Optimize full text search with BM25

Tiger Cloud: Performance, Scale, Enterprise

Self-hosted products

MST

Postgres full-text search at scale consistently hits a wall where performance degrades catastrophically. Tiger Data's pg_textsearch brings modern BM25-based full-text search directly into Postgres, with a memtable architecture for efficient indexing and ranking. pg_textsearch integrates seamlessly with SQL and provides better search quality and performance than the Postgres built-in full-text search. With Block-Max WAND optimization, pg_textsearch delivers up to 4x faster top-k queries compared to native BM25 implementations. Parallel index builds reduce indexing times by 4x or more for large tables. Advanced compression using delta encoding and bitpacking reduces index sizes by 41% while improving query performance by 10-20% for shorter queries.

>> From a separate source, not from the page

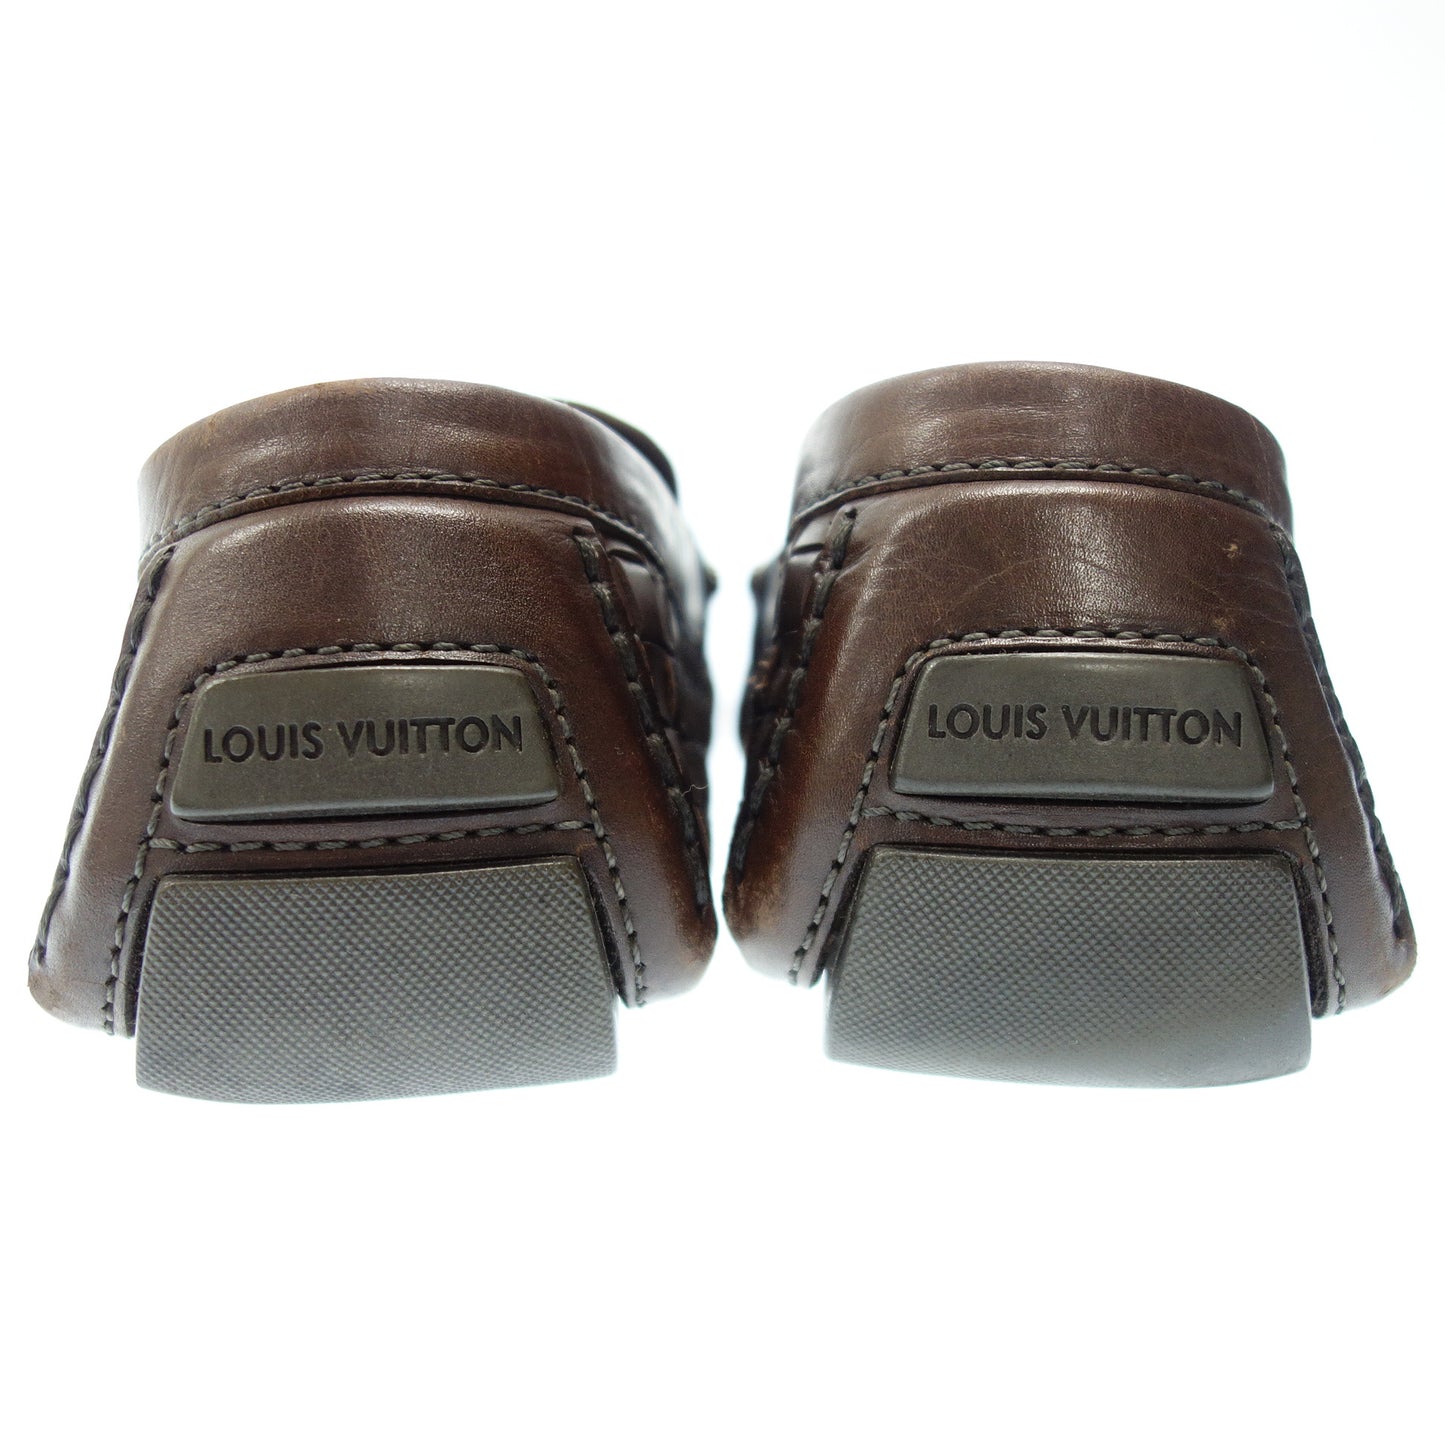 路易威登 驾驶鞋 蒙特卡洛线 LV 金属配件 男士 10.5 棕色 LOUIS VUITTON [AFC20] [二手货]

BM25 scores in pg_textsearch are returned as negative values, where lower (more negative) numbers indicate better matches. pg_textsearch implements the following:

Corpus-aware ranking: BM25 uses inverse document frequency to weight rare terms higher
Term frequency saturation: prevents documents with excessive term repetition from dominating results
Length normalization: adjusts scores based on document length relative to corpus average
Relative ranking: focuses on rank order rather than absolute score values

This page shows you how to install pg_textsearch, configure BM25 indexes, and optimize your search capabilities using the following best practices:

Parallel indexing: enable parallel workers for faster index creation on large tables
Language configuration: choose appropriate text search configurations for your data language
Hybrid search: combine with pgvector or pgvectorscale for applications requiring both semantic and keyword search
Query optimization: use score thresholds to filter low-relevance results
Index monitoring: regularly check index usage and memory consumption

pg_textsearch v1.0.0 is production ready (March 2026). It supports Postgres 17 and 18.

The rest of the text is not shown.